** Supplied information follows **

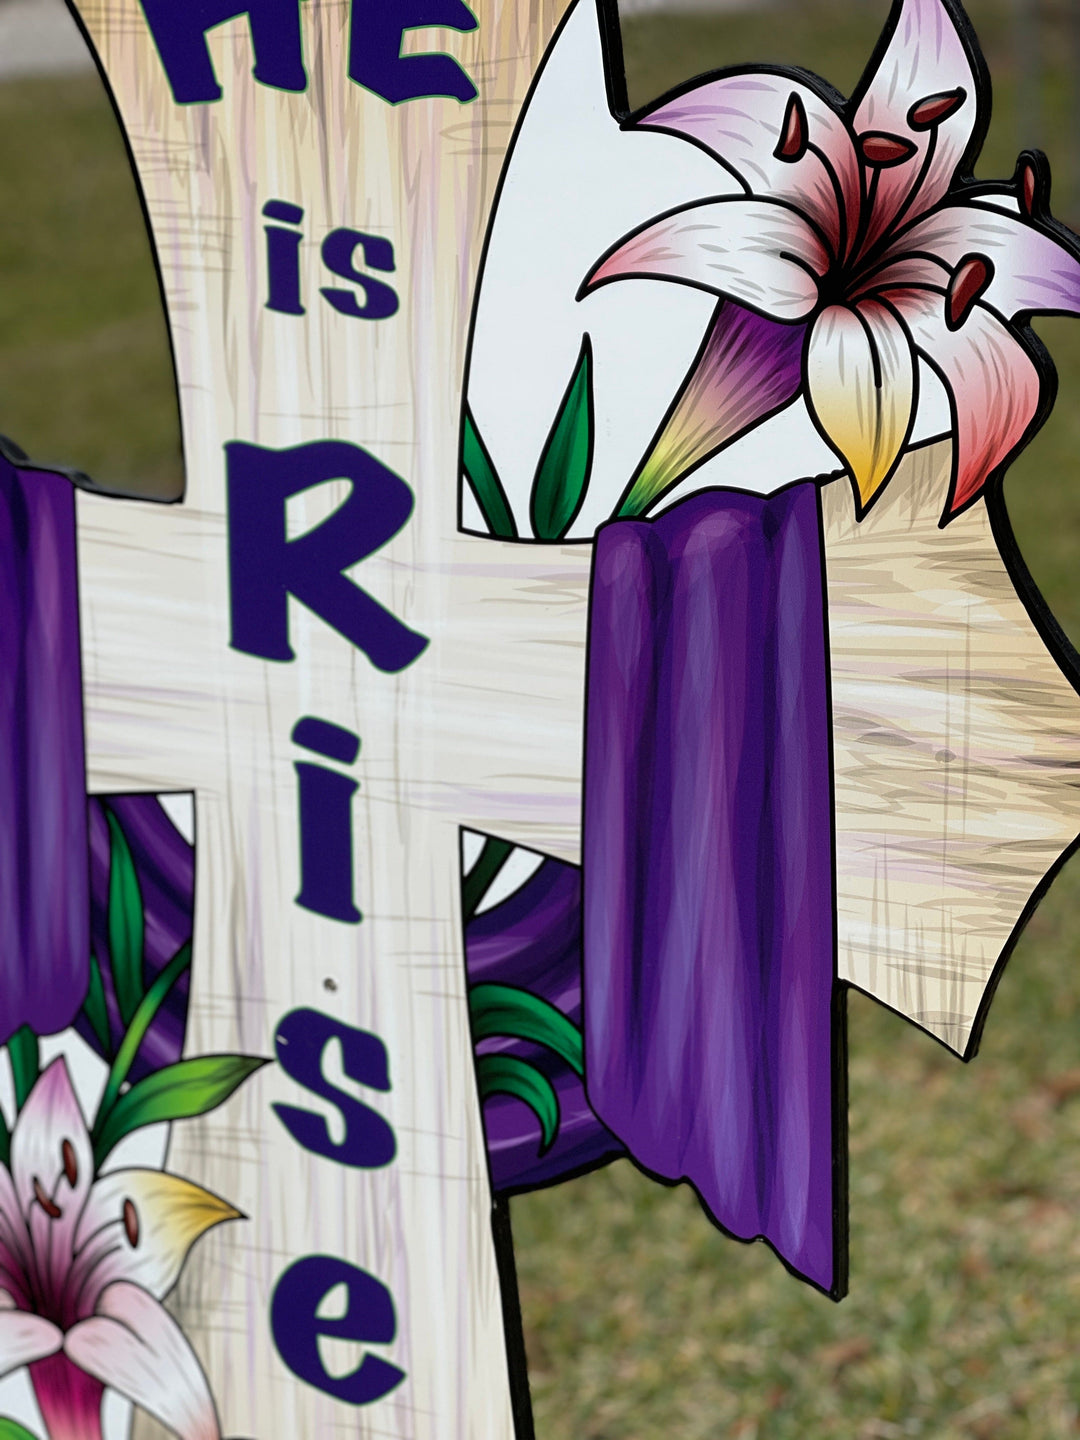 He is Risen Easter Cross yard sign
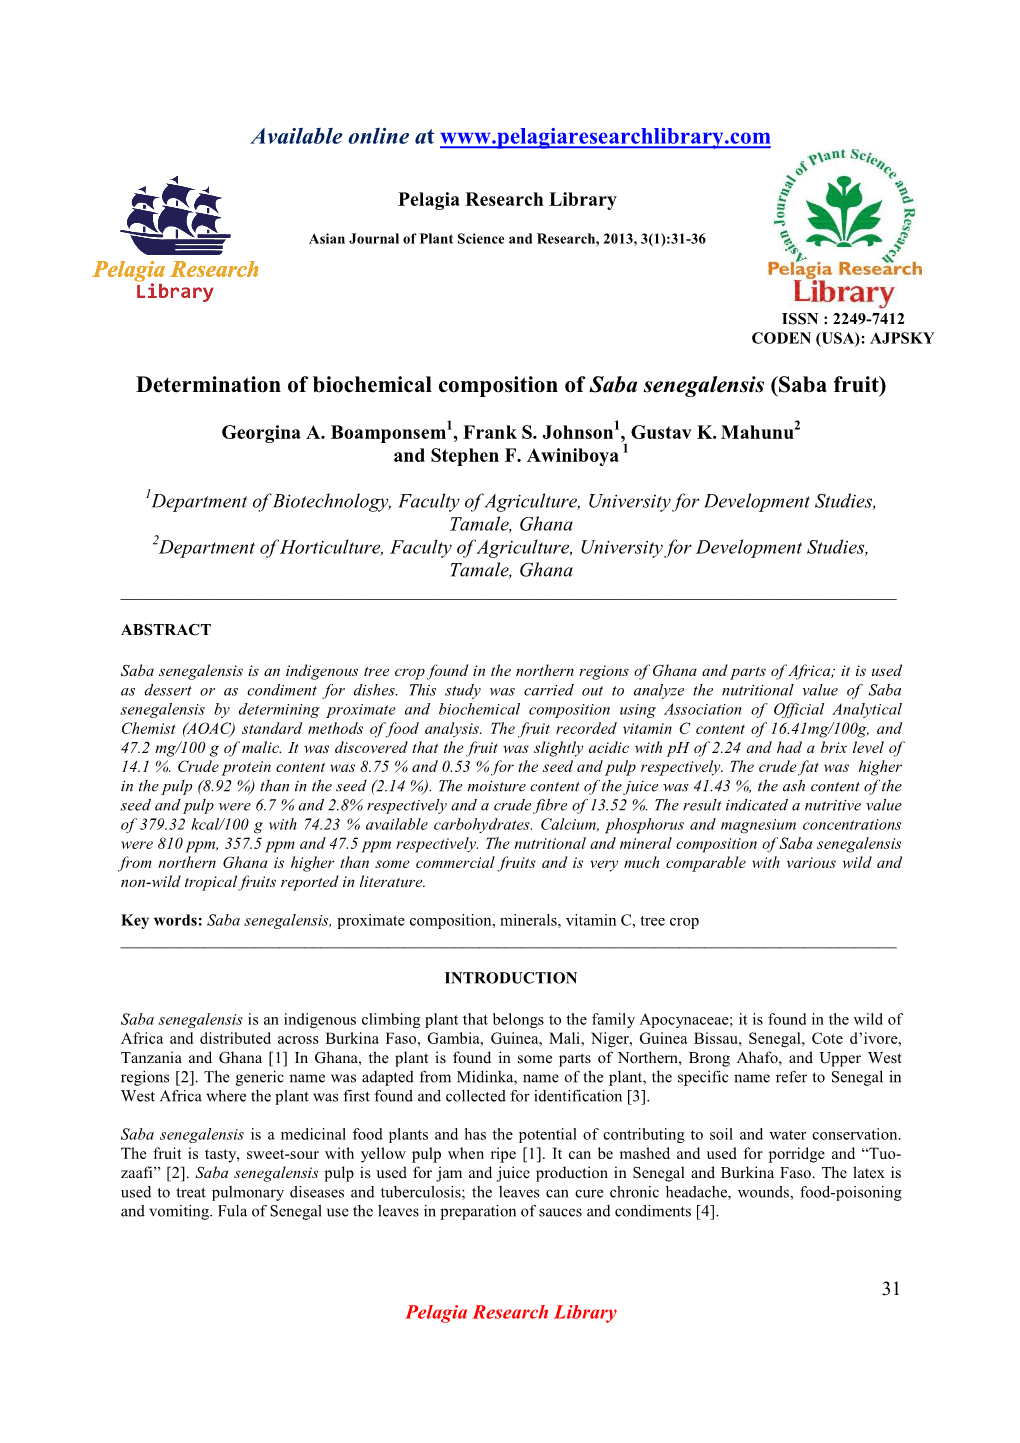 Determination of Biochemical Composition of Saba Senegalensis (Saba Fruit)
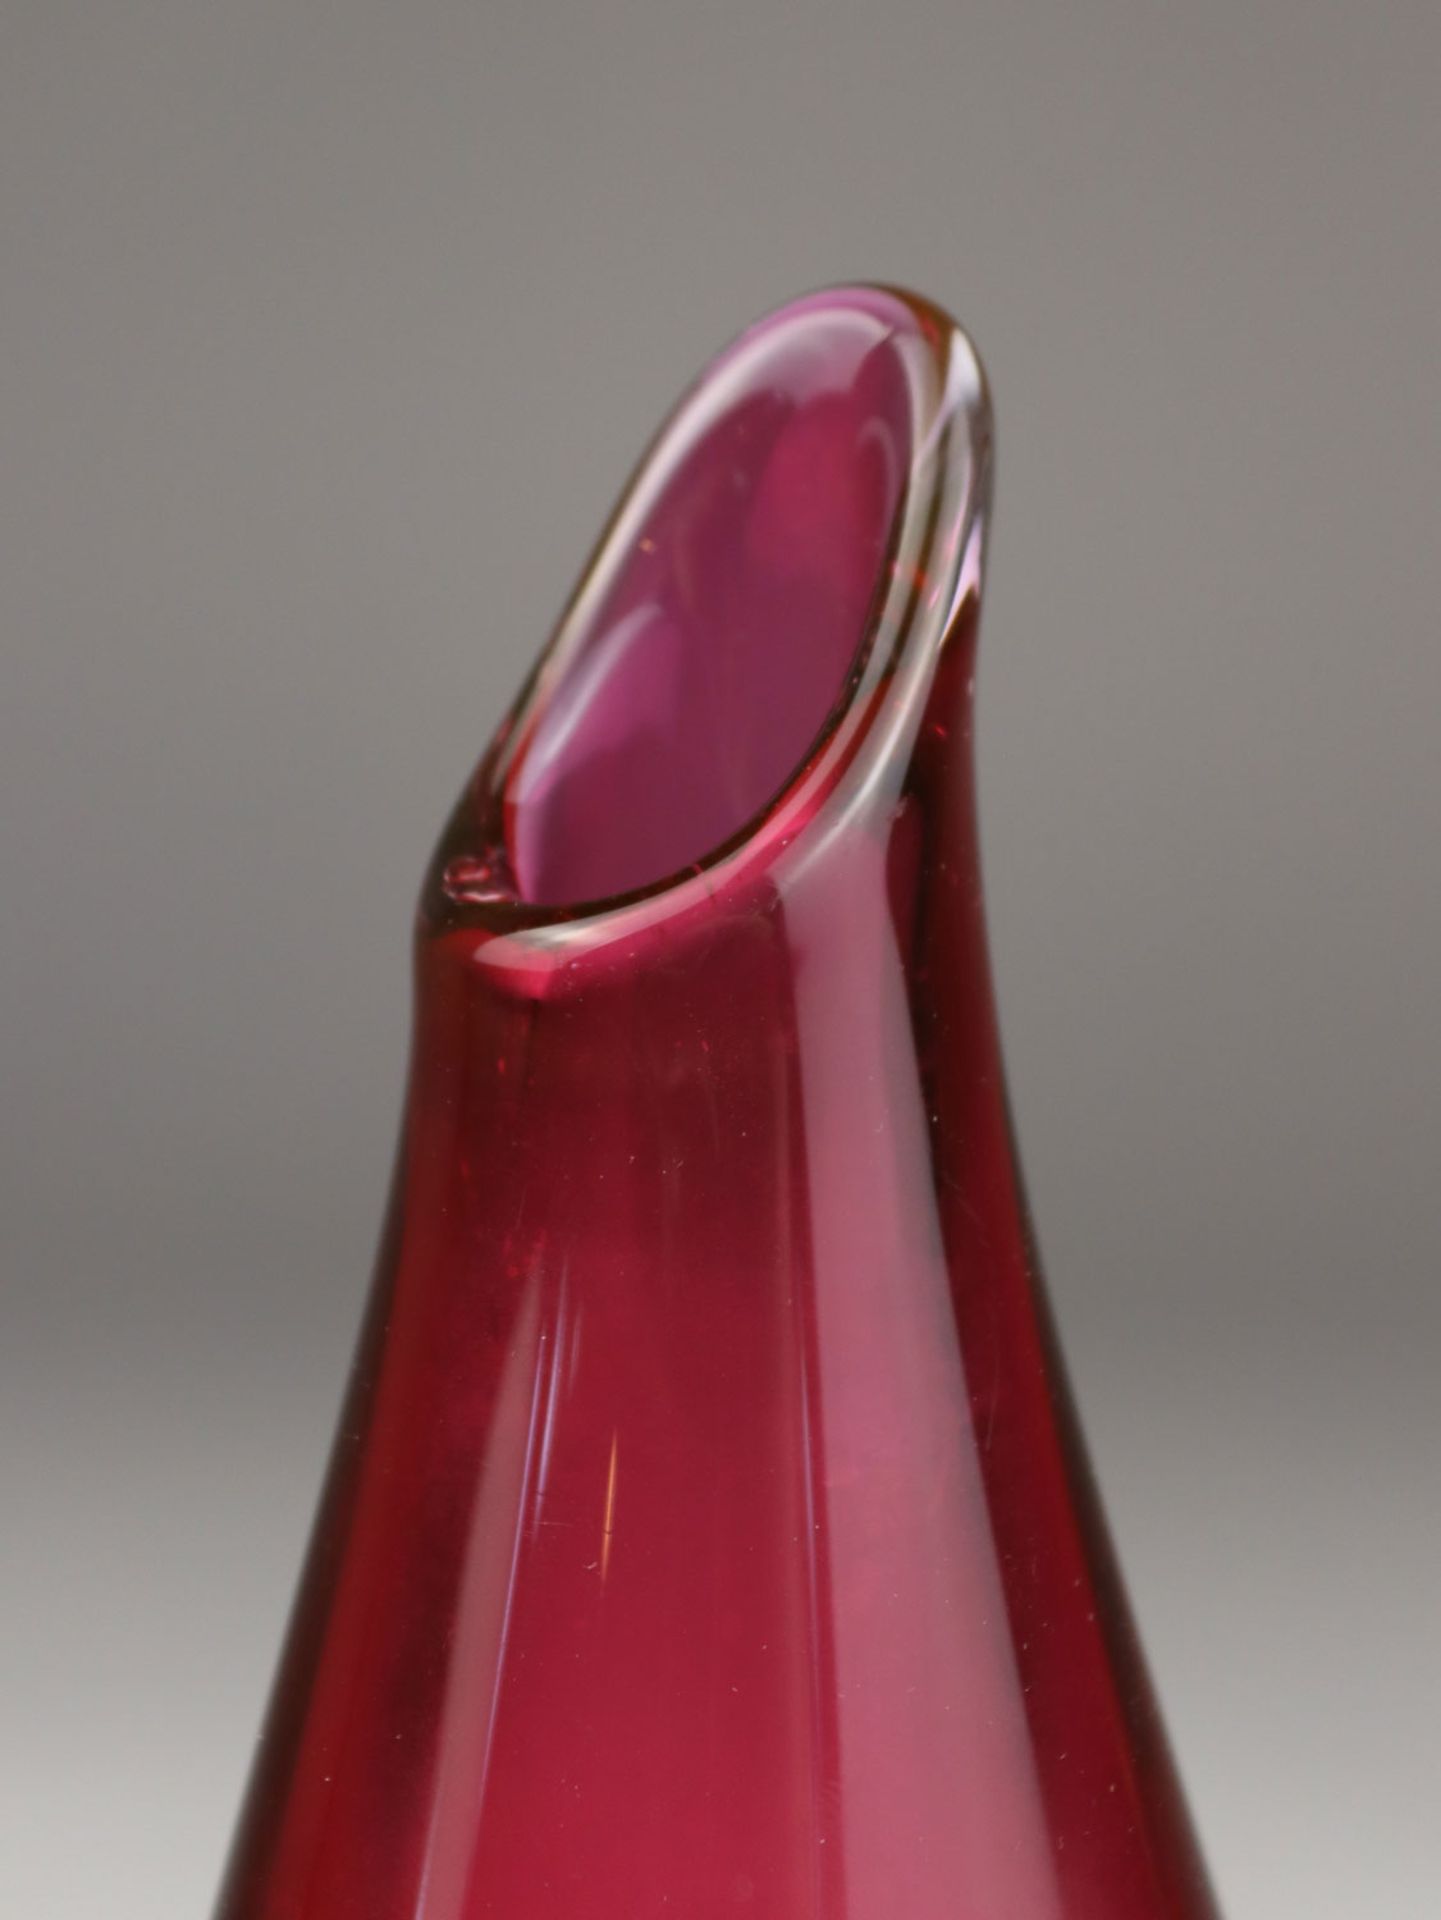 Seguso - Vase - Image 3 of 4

** End of Supplied information **

__Your instructions__: With pictures excluded, the material is to be written out exactly as given.

__Response__:
 He is Risen Easter Cross yard sign
 Determination of Biochemical Composition of Saba Senegalensis (Saba Fruit)
 Seguso - Vase - Image 3 of 4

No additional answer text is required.